Still, automation should not remove human accountability from managed security services. MSSPs need defensible workflows, especially when their decisions affect patching priorities, customer communications, and risk acceptance.
“That said, trust and explainability remain essential in managed service environments,” Pan said. “MSSPs need clear context on why a vulnerability is being prioritized, what attacker activity supports that determination, what protection has been applied, and what remediation guidance should be communicated to each customer.”

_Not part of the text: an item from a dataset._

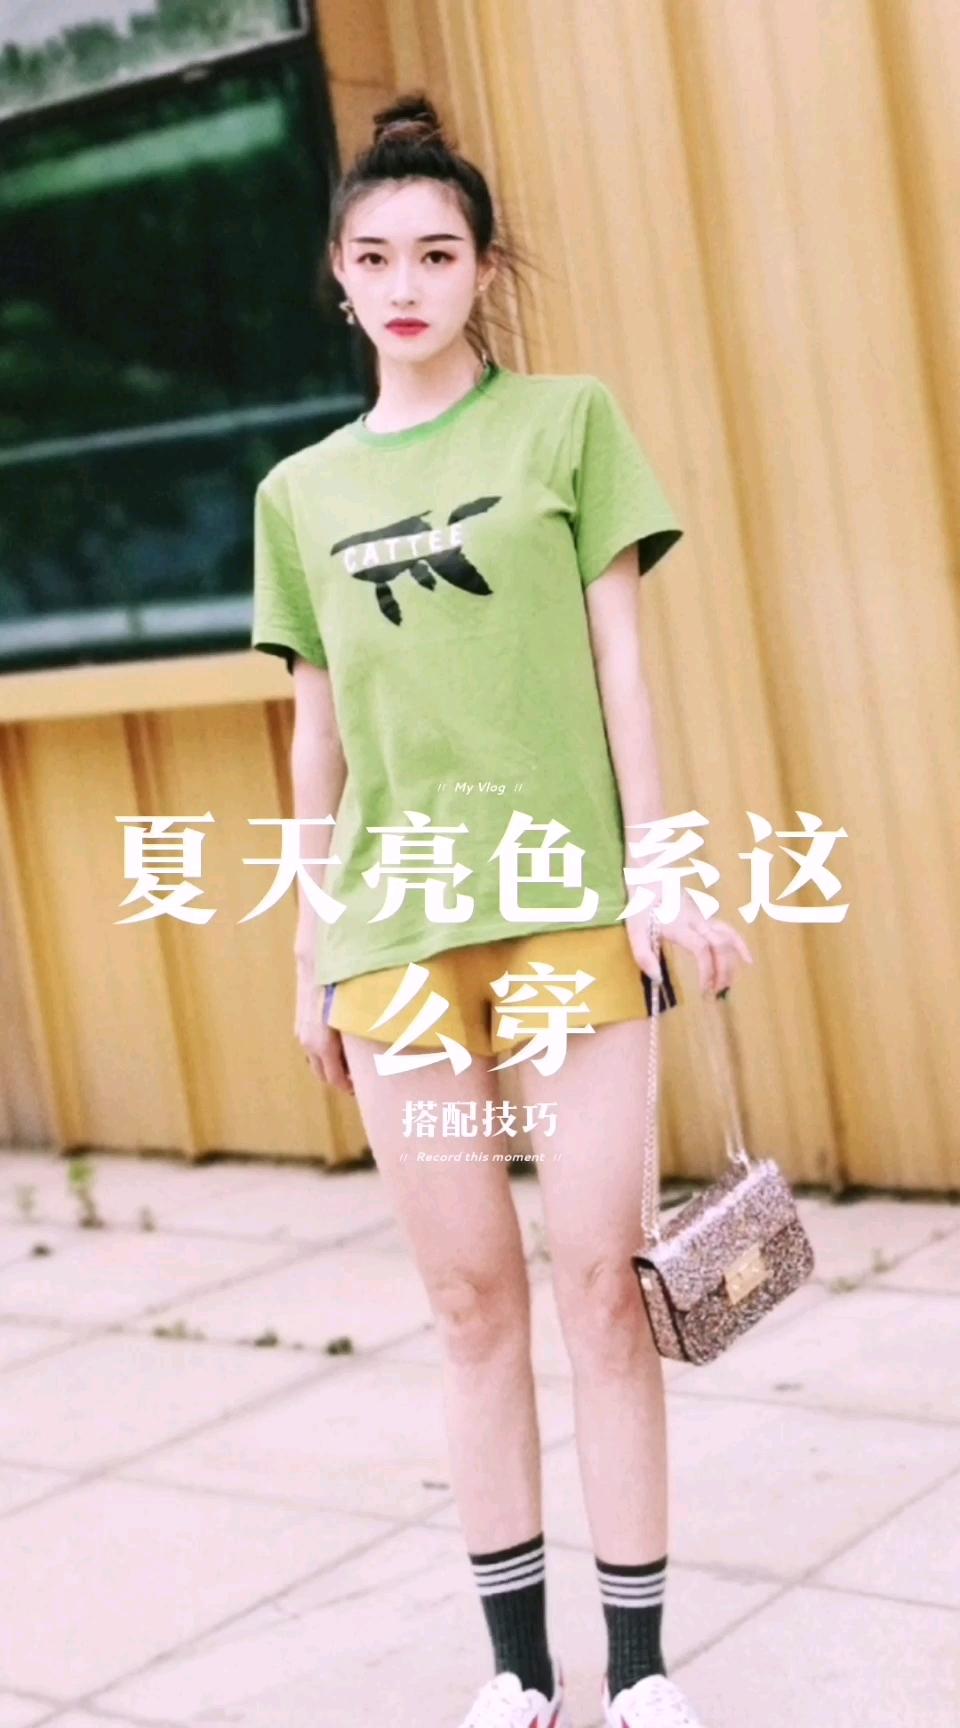 #六一我的节,最减龄穿搭!# 🍈绿色印花短袖和黄色直筒短裤搭配起来瞬间年轻十岁!🍋  🍍鲨鱼印花很有自己的风格,这个绿色也很别致很耐看,清新有味道~ 🍐黄色短裤直筒的设计,修饰了大腿腿型,显瘦显白无敌啦~ 👟搭配一双白色帆布鞋就轻松搞定!
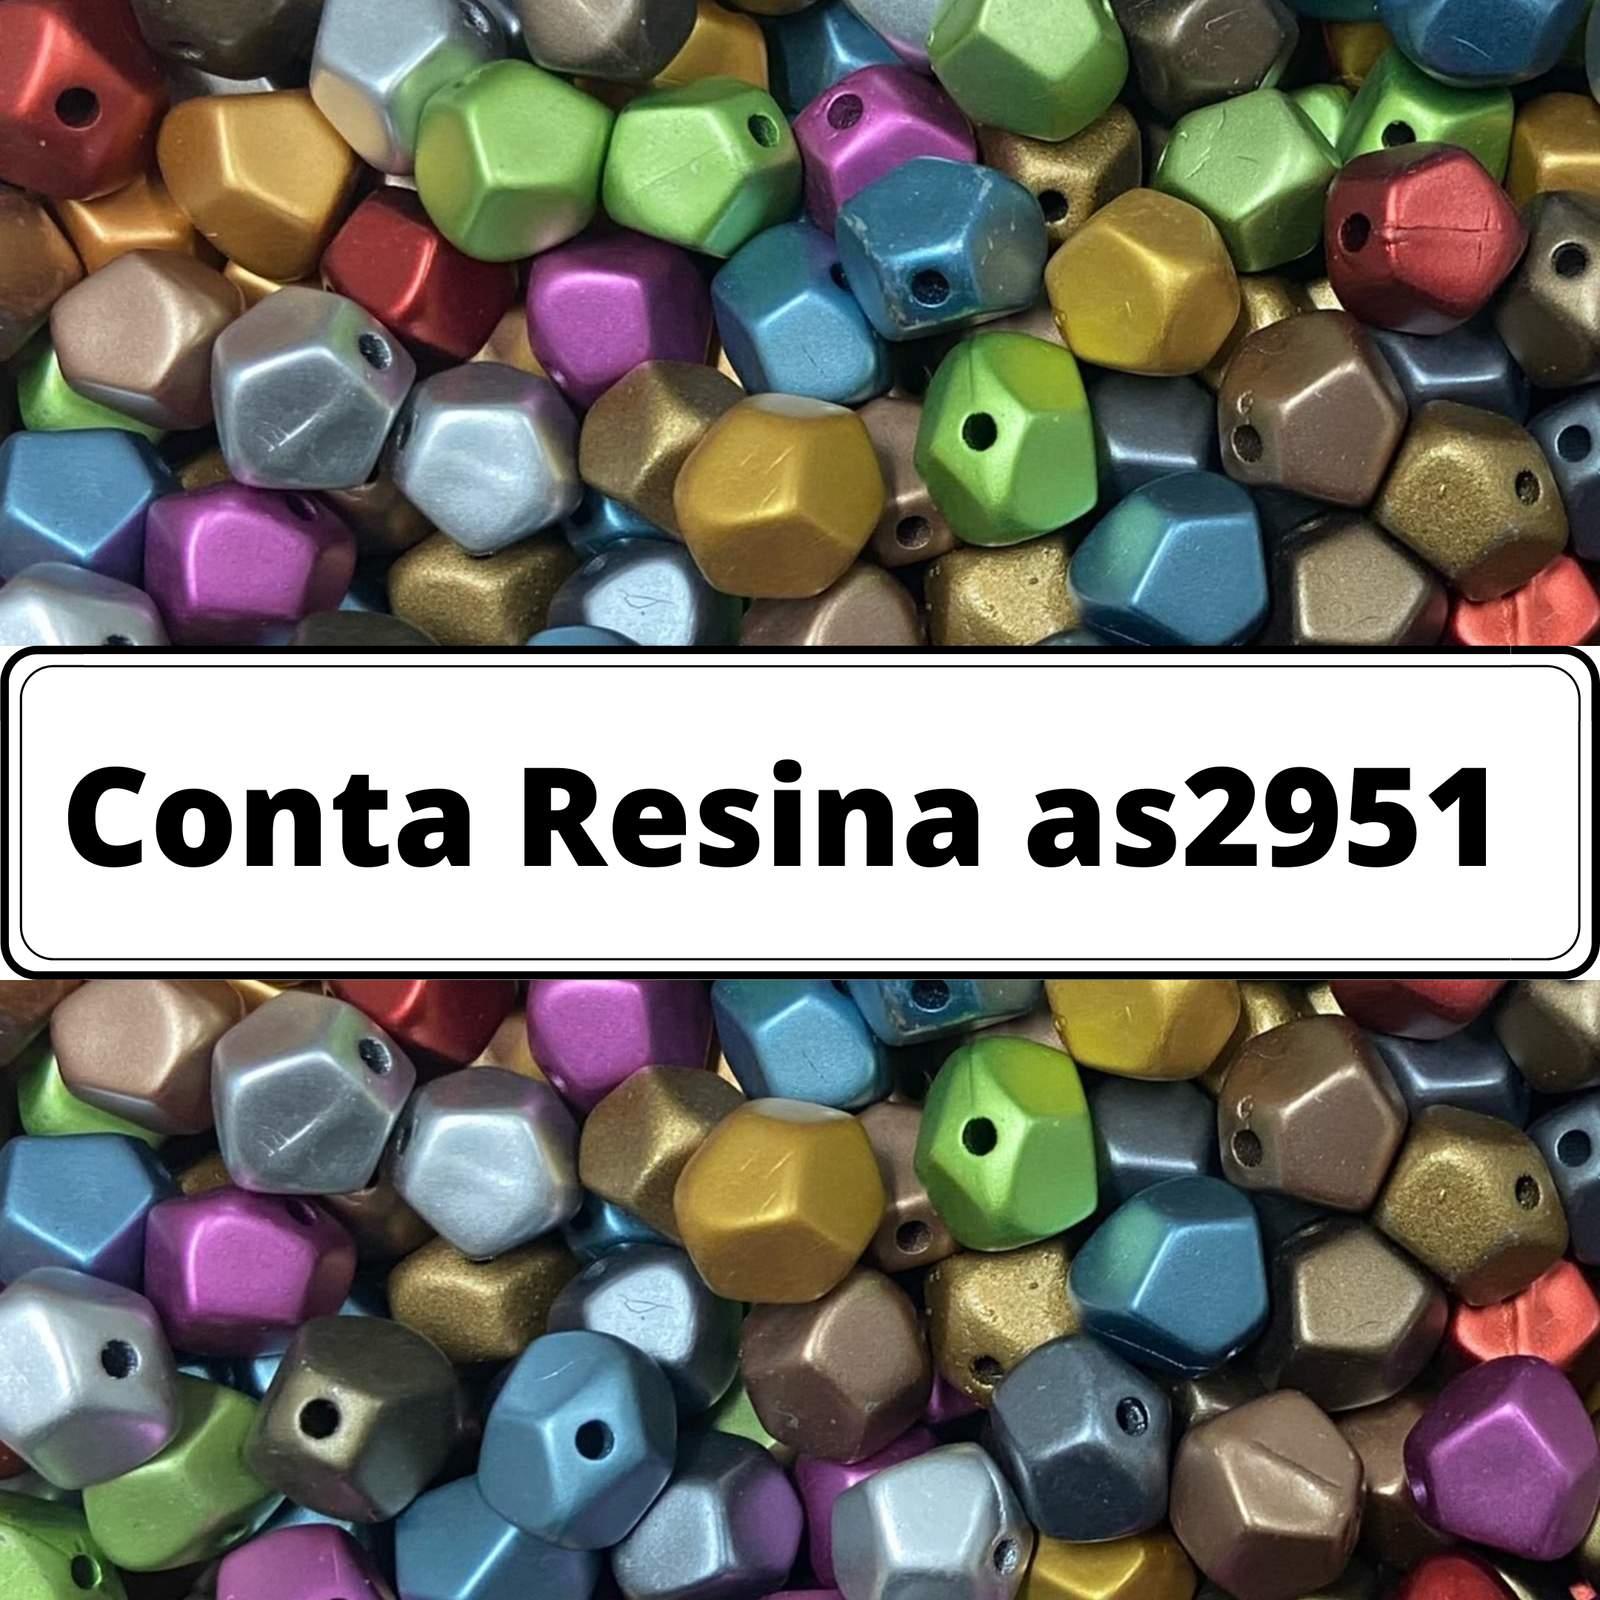 Conta de Resina 11mm as2951 - 500g

AI increases pressure on vulnerability teams
Proofpoint is also connecting the launch to the rise of AI-driven threats. The company says AI can help attackers find and use vulnerabilities faster.
But AI is not the only issue. Security teams were already dealing with too many vulnerabilities, too many alerts, and not enough staff. AI could make that problem worse by helping attackers move faster. Data on active exploitation can help because it shows what attackers are doing right now.
Proofpoint says its 2026 research found 12 actively exploited CVEs, compared with eight listed in CISA’s Known Exploited Vulnerabilities catalog at the time of the announcement. That does not mean teams should ignore CISA KEV. It means some organizations may want more sources of exploit intelligence to spot risk earlier.
Proofpoint’s Active Exploits Protection addresses a real problem: security teams are overloaded, and attackers often move faster than patch cycles. For MSSPs, this is important. Instead of treating every critical vulnerability the same way, they can help customers focus on the flaws attackers are actually using and reduce risk while patching catches up.